The Financial Services Authority (FSA) has launched a three month consultation process ahead of a consumer redress scheme for Arch cru investors, expected to deliver over £100m in compensation.
This proposed investor compensation is in addition to the £54m already agreed from Capita Financial Managers Limited, BNY Mellon Trust & Depositary (UK) Limited and HSBC Bank plc.
It will be paid by those IFAs who made unsuitable recommendations to their clients to invest in Arch cru funds. Judging by the figures released by the FSA, the majority of these investment recommendations were unsuitable.
Arch cru was a series of failed investment schemes which invested in such things as private equity, private finance and Greek shipping companies. They were packaged with ‘low risk’ or ‘cautious’ investment labels, when in reality they exposed investors to a very high level of investment risk.
You will not be surprised to learn that here at Informed Choice we never recommended these schemes to any of our clients.

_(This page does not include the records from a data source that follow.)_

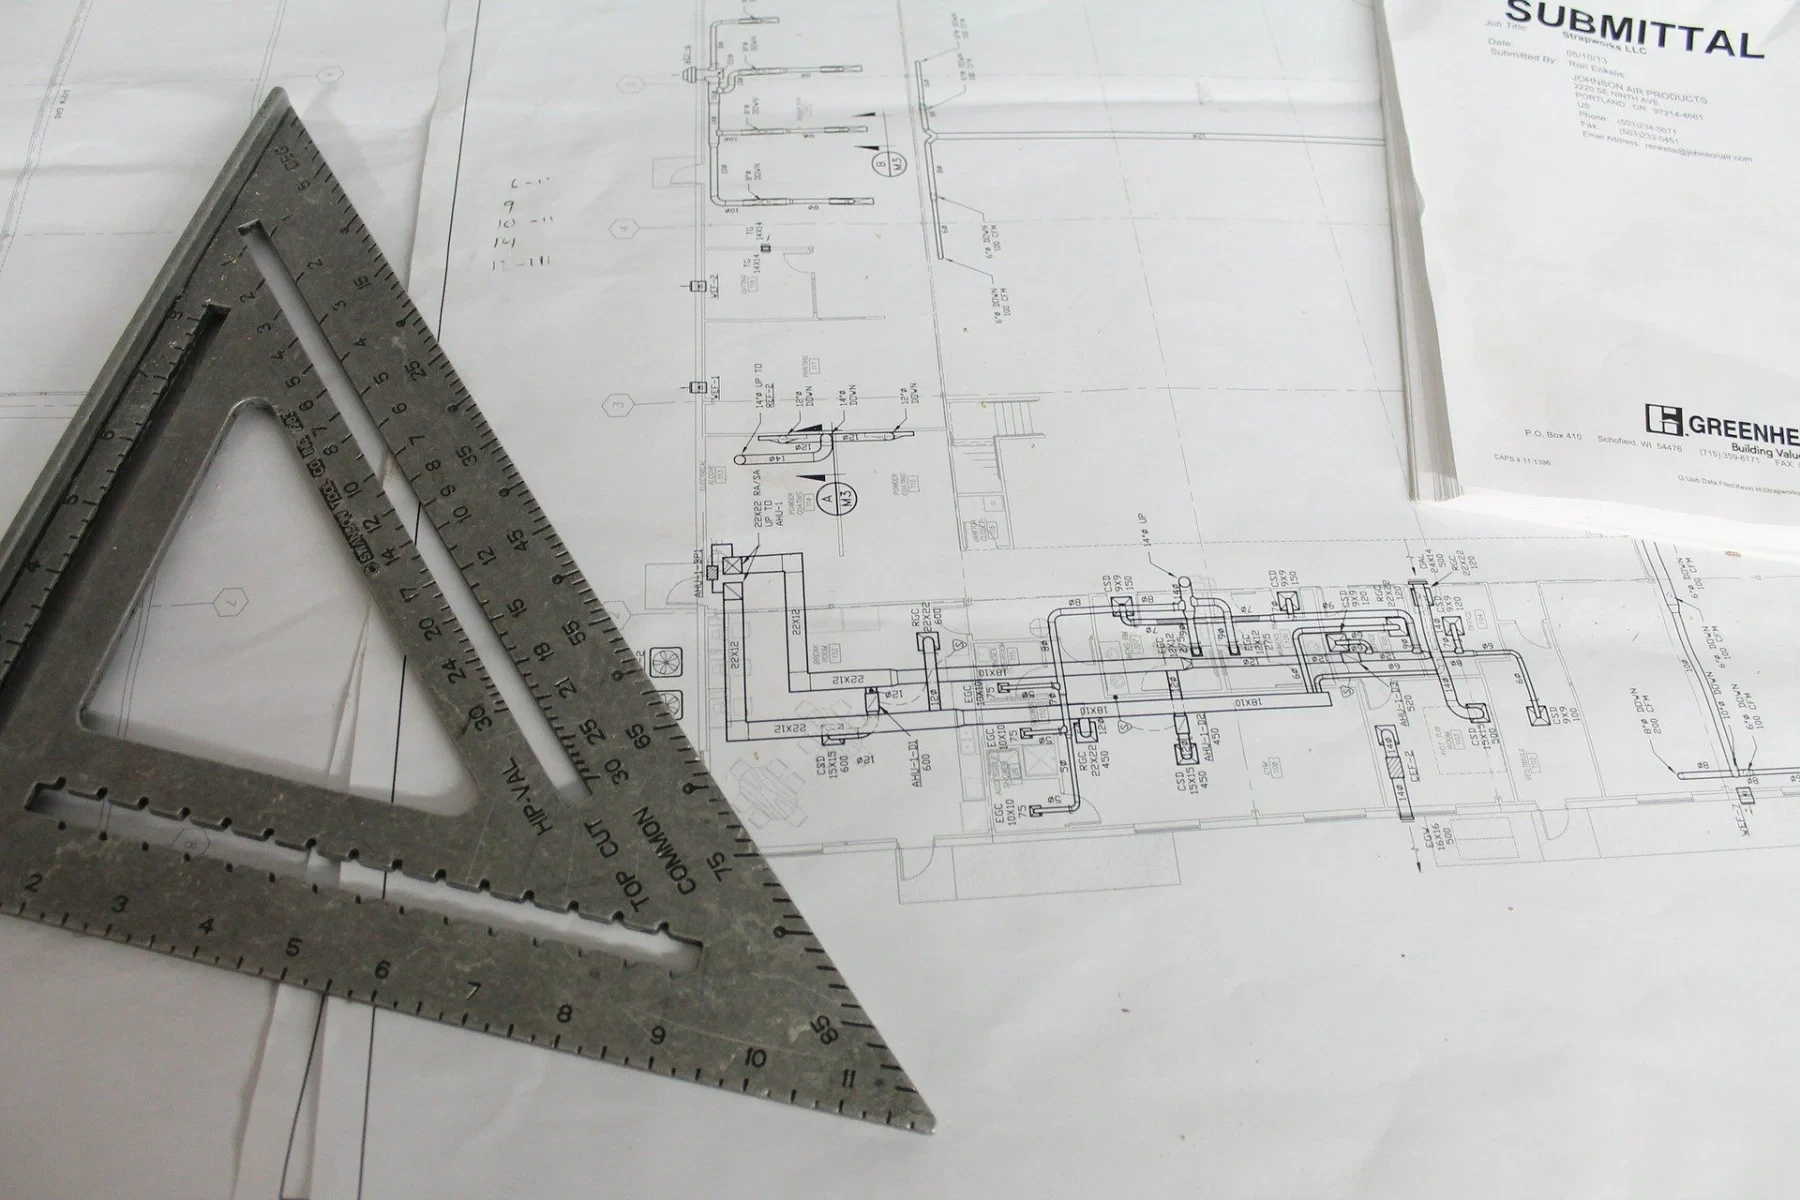 Engineering plans on sketch pad
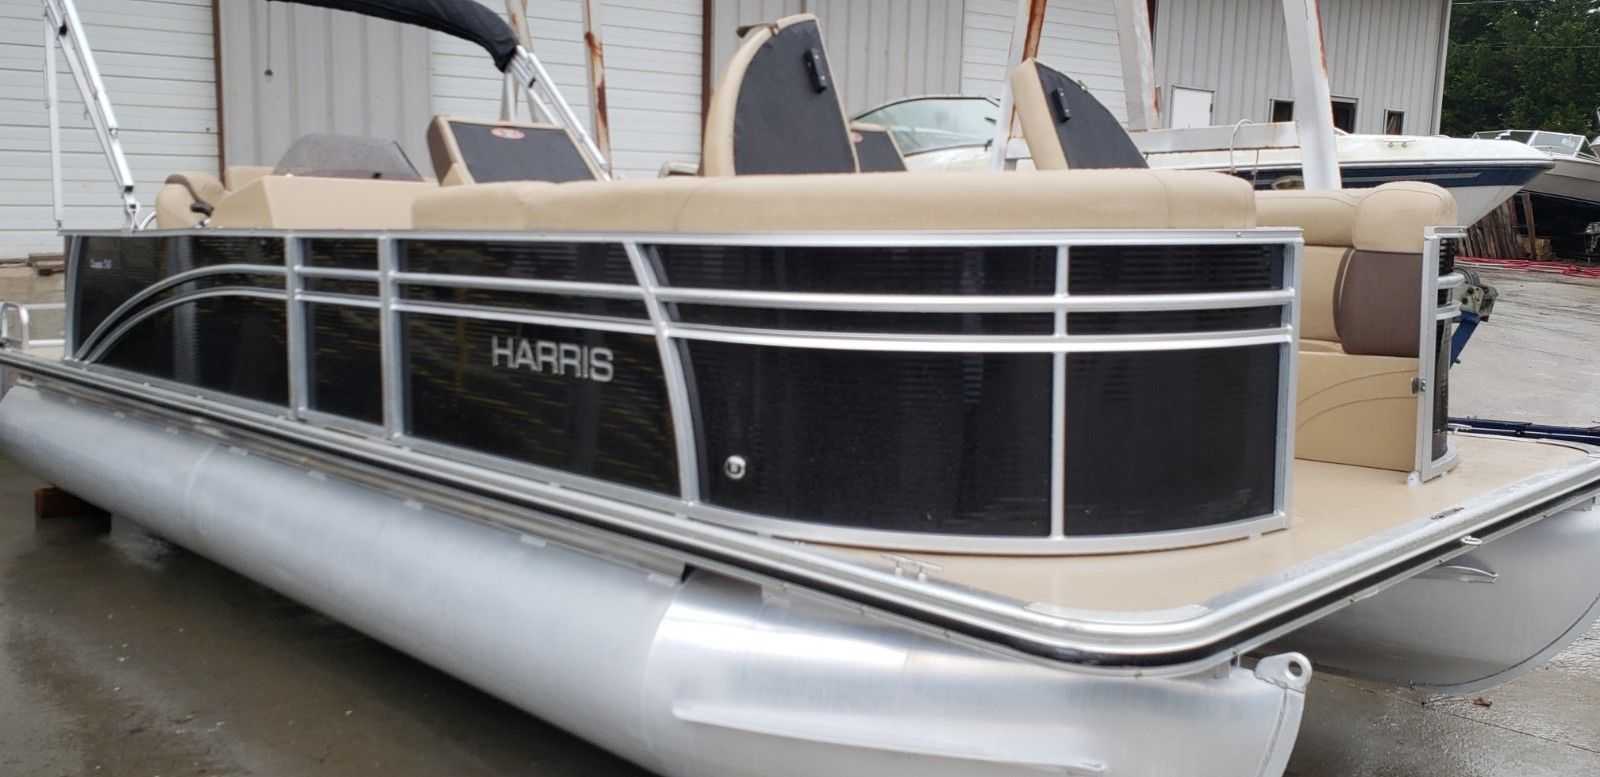 Harris Flotebote Cruiser 240
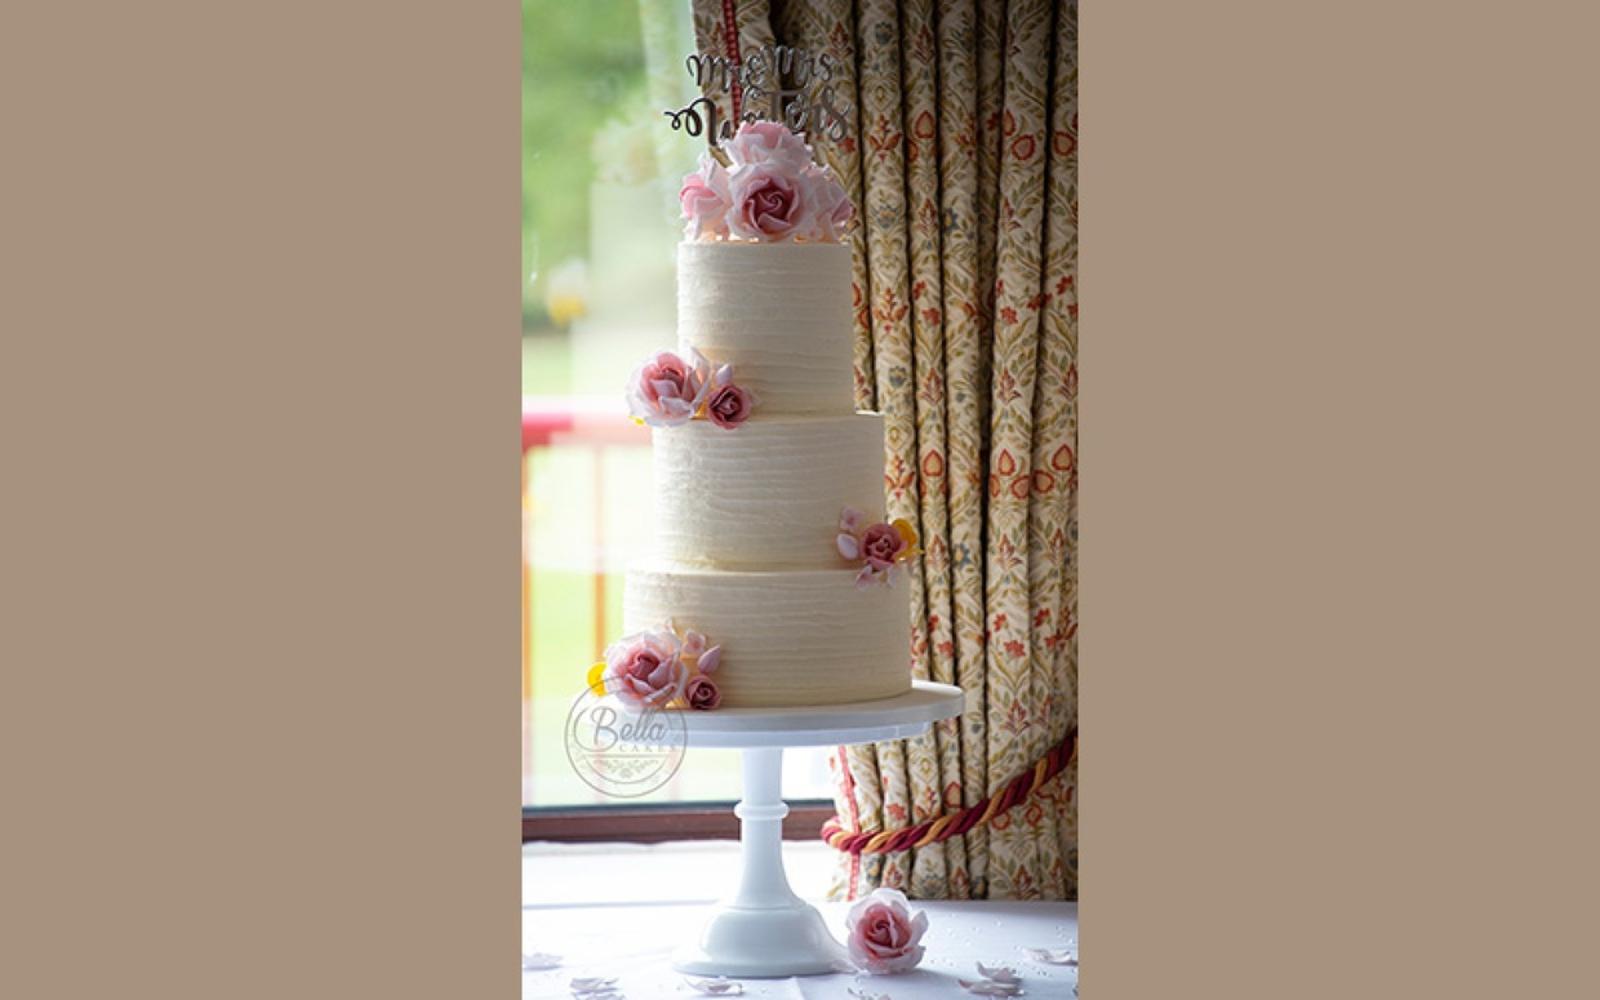 Real Wedding Whitewed Directory approved cake designer Bella Cakes Sharon Wrag Barn Highworth three tier pink rose buttercream
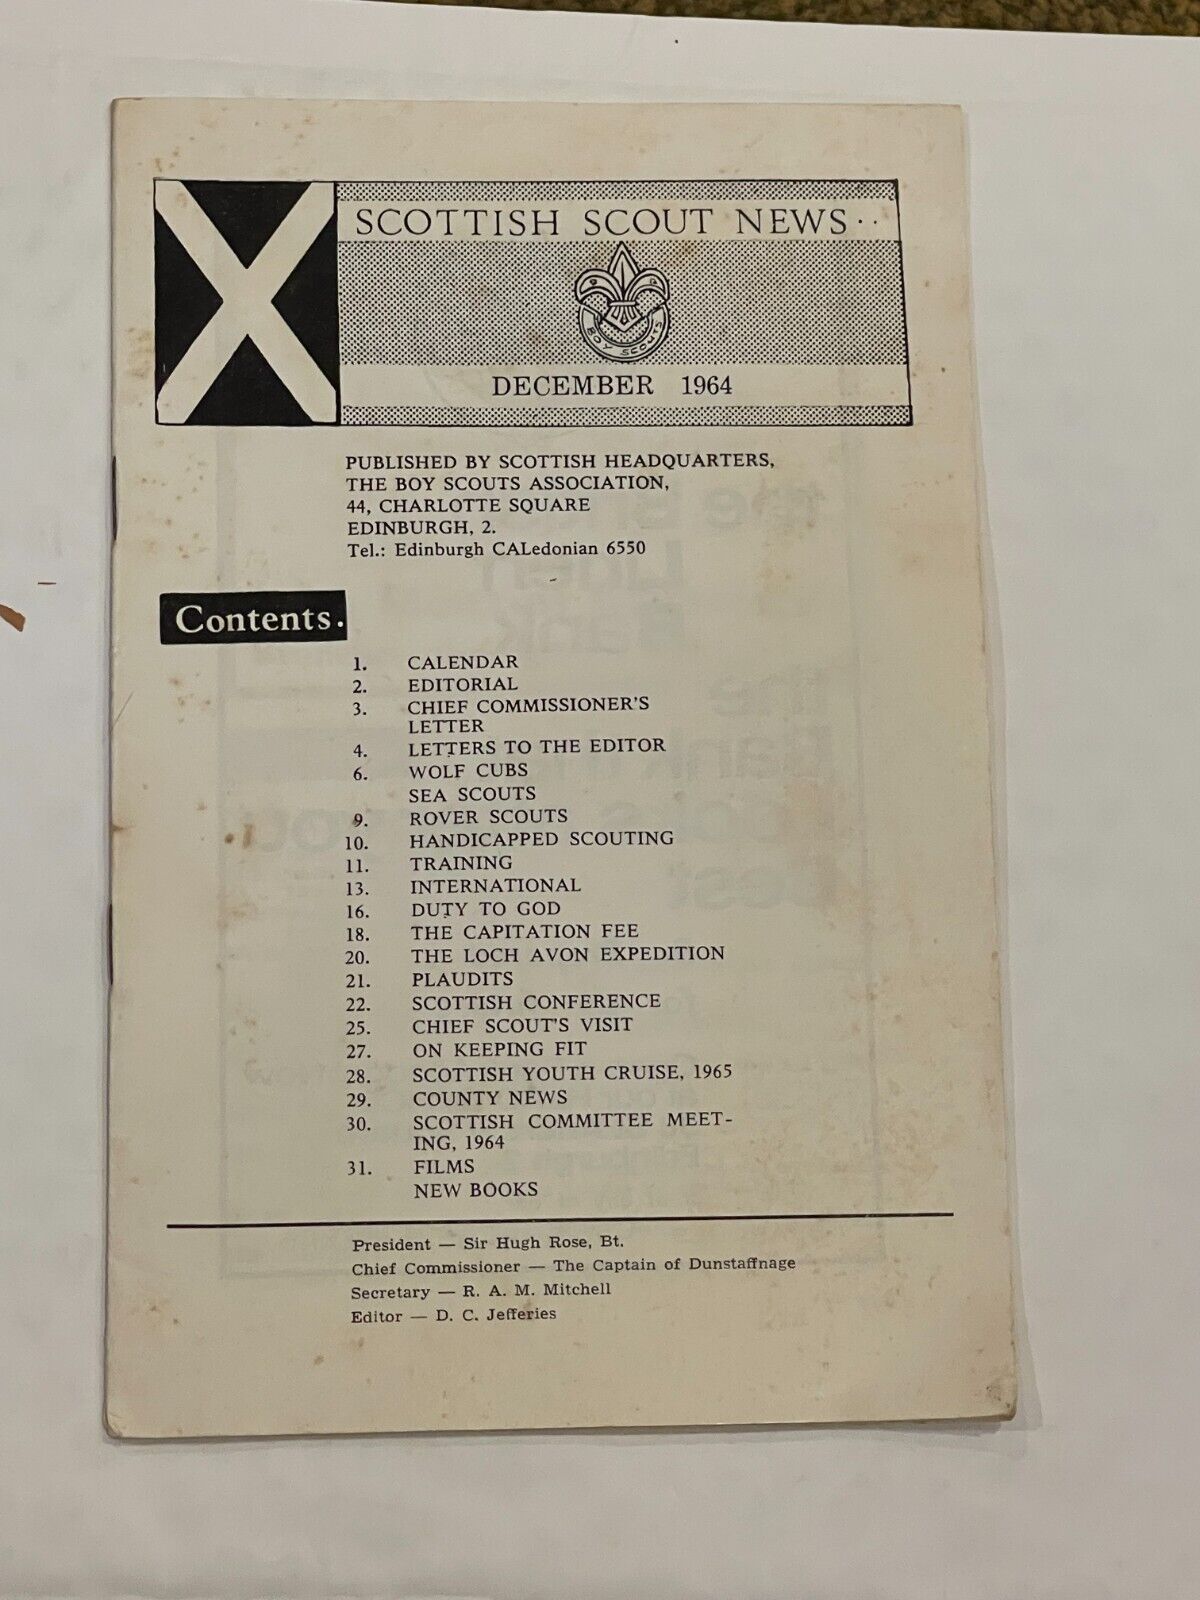 Scottish Scout News December 1964 pamphlet
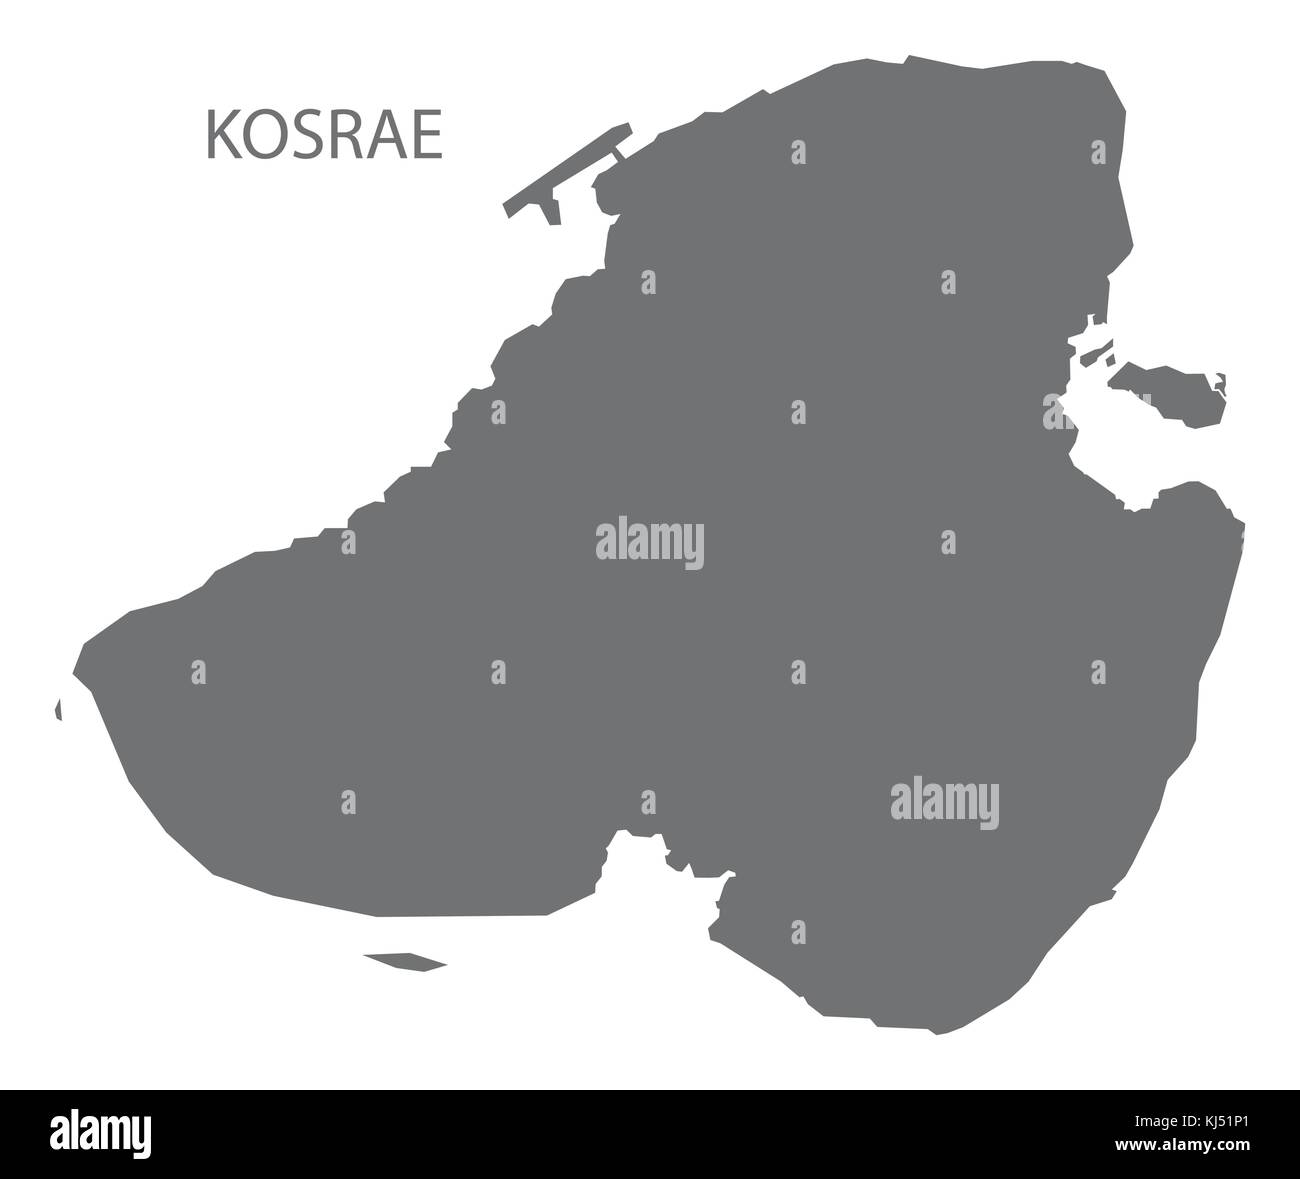 Kosrae Island map of Micronesia grey illustration silhouette shape Stock Vector

According to the FSA, of the 179 files they sampled, suitable advice was evident in only 22 of them. Unsuitable advice had been given in 140 cases, or 78% of the cases examined in the sample.
Due to the nature of the types of IFA firms that sold investments in Arch cru, much of the £100m consumer redress is likely to fall on the rest of the IFA sector to pay, through another Financial Services Compensation Scheme (FSCS) levy.
The FSA has already estimated that 230 firms could default as a result of their Arch cru compensation scheme, which would place their liabilities on the FSCS. This is around 30% of those firms with exposure to Arch cru.
Up to £33m could be paid out to investors from the FSCS instead of the firms responsible, although we expect this figure to be significantly higher once the exercise is implemented. This means in practice that the clients of all IFA firms are paying to compensate investors in Arch cru, through the advice and product charges they pay.
It will be interesting to see the responses to this consultation process, although we do expect the FSA to implement this redress scheme as proposed this summer.
Whilst bringing the sorry saga of Arch cru towards its logical conclusion, questions remain unanswered about the role of regulation in the collapse of Arch cru and we are unconvinced that such an event has been prevented from happening again in the future.